***** INPUT MATERIAL
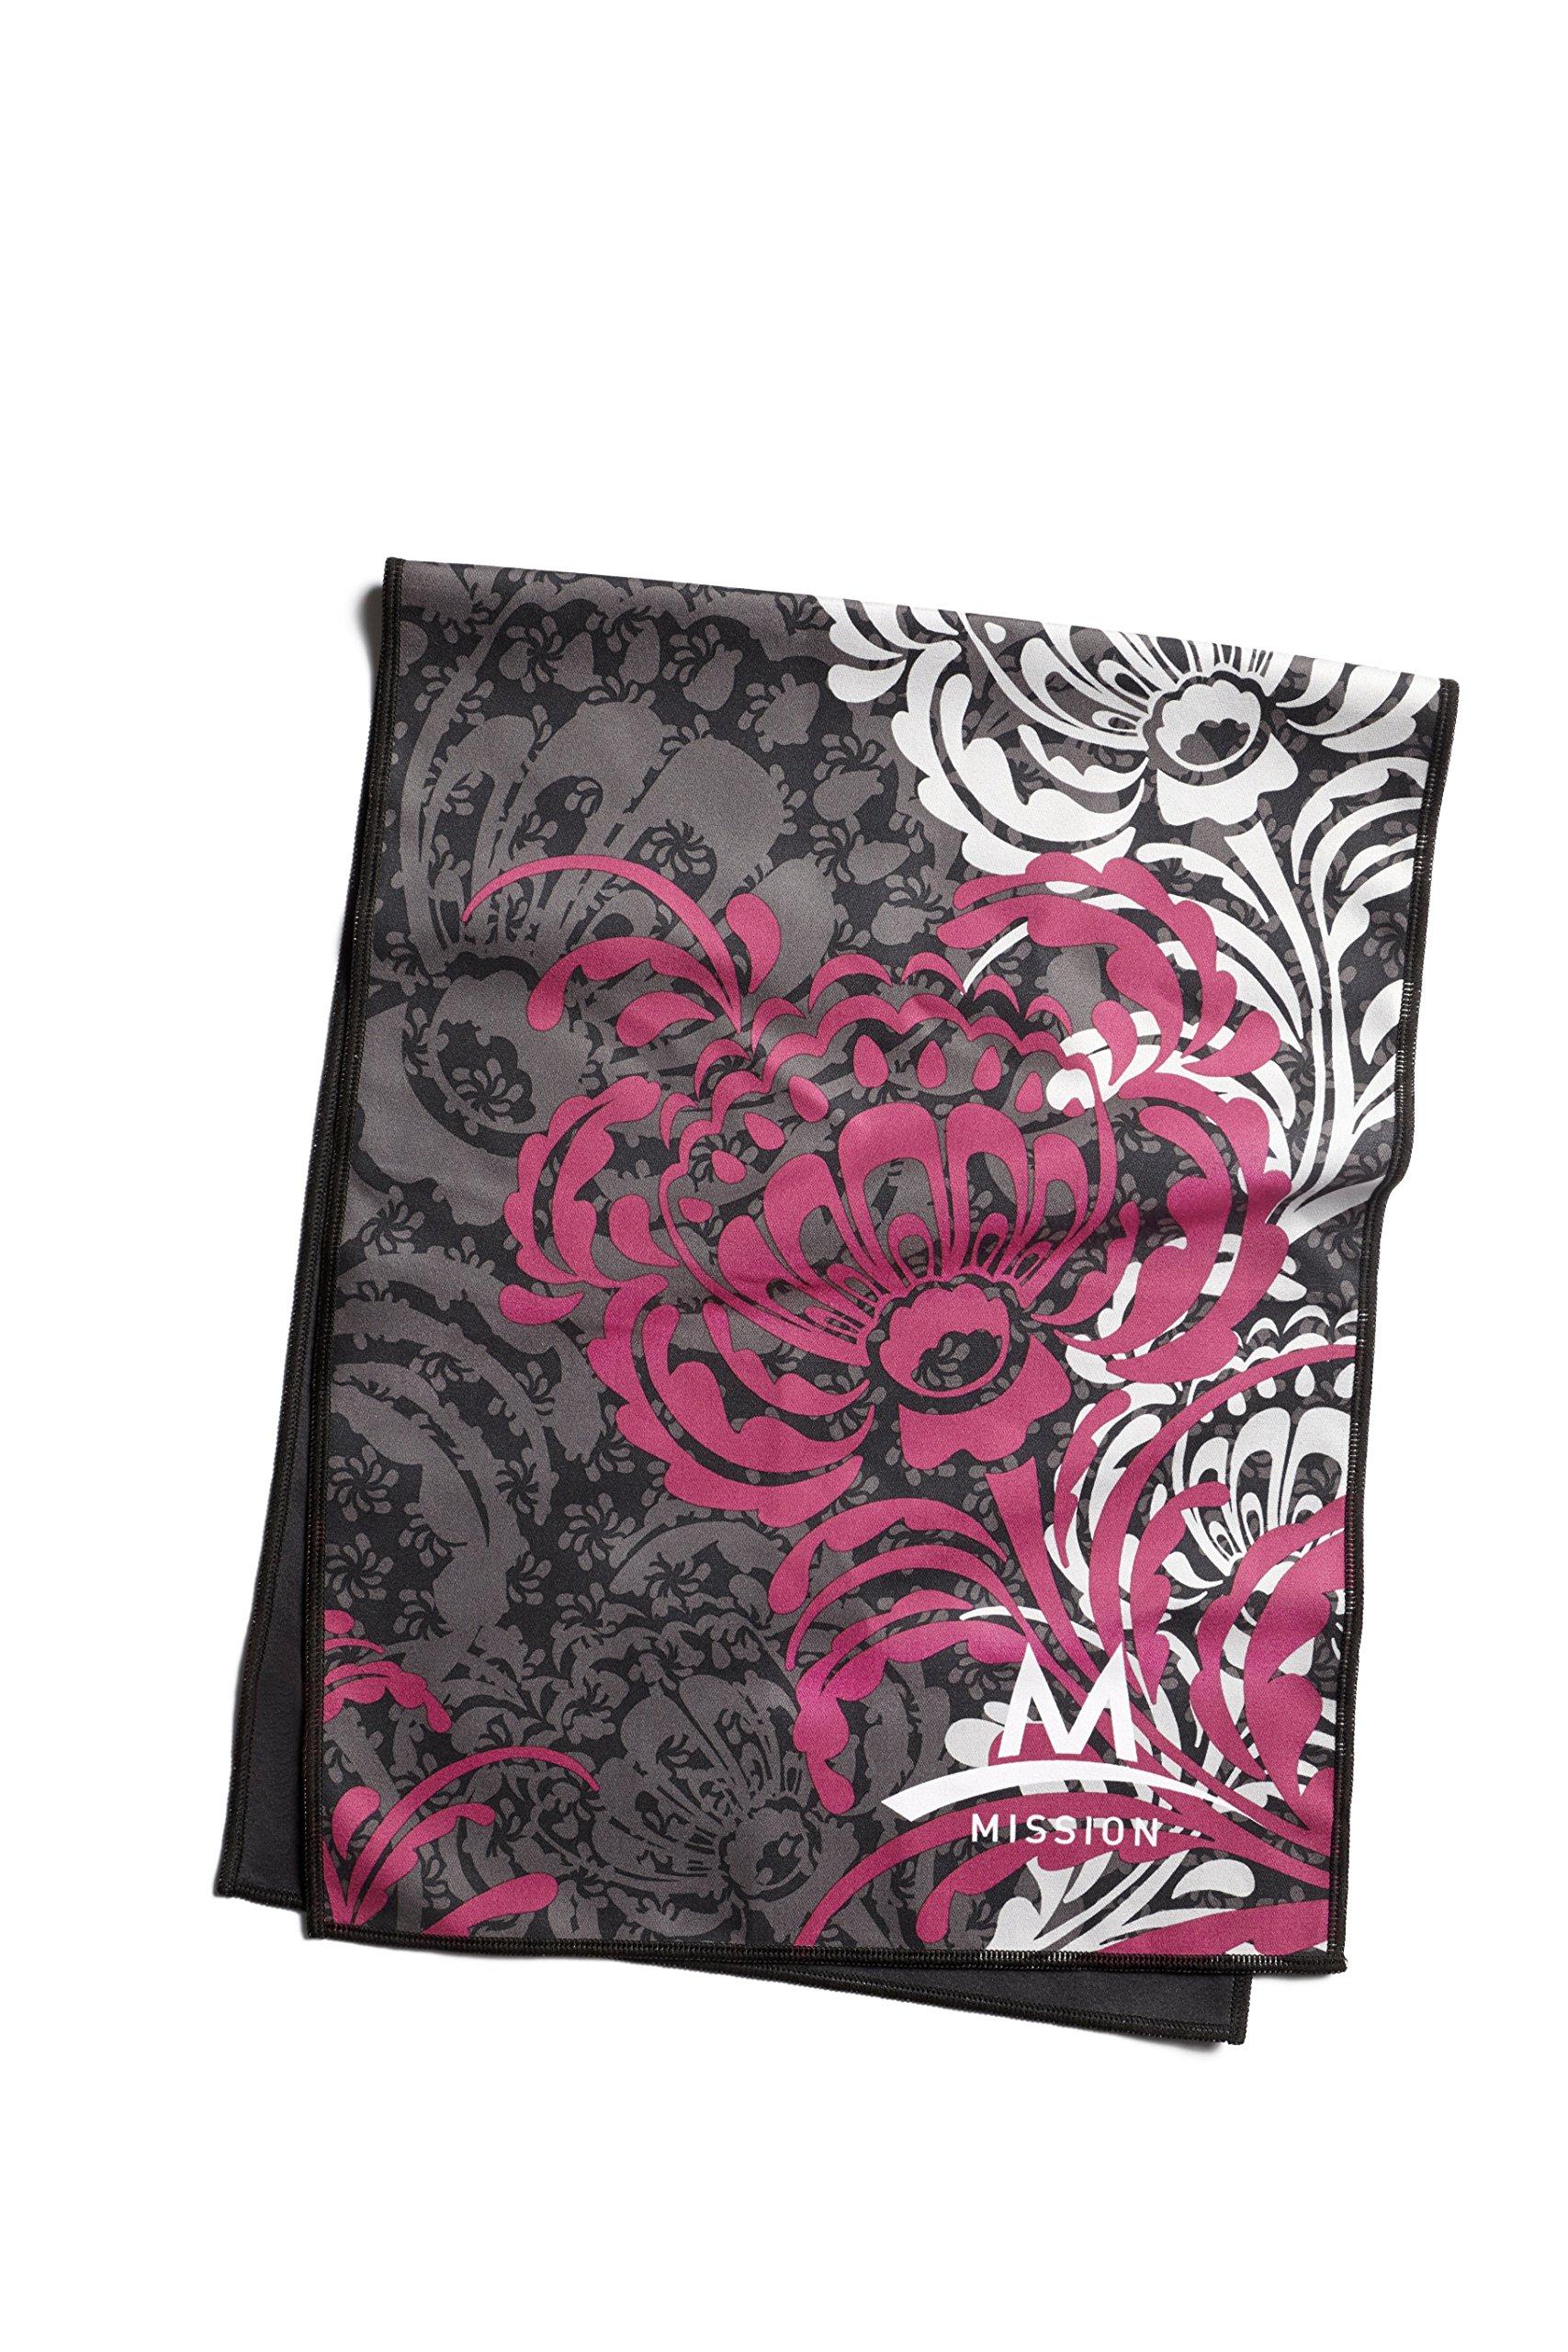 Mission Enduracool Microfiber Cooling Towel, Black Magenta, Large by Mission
**********
***** INPUT MATERIAL
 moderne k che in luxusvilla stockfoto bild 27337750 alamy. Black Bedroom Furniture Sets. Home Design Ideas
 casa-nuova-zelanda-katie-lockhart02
**********
■ **ACTIVITY**
Copy out precisely the lines from the line with "moderne k che" to the line with "casa-nuova-zelanda-katie-lockhart02" in the material above, including those two lines and omitting all the rest.

■ **TASK ANSWER**
 moderne k che in luxusvilla stockfoto bild 27337750 alamy. Black Bedroom Furniture Sets. Home Design Ideas
 casa-nuova-zelanda-katie-lockhart02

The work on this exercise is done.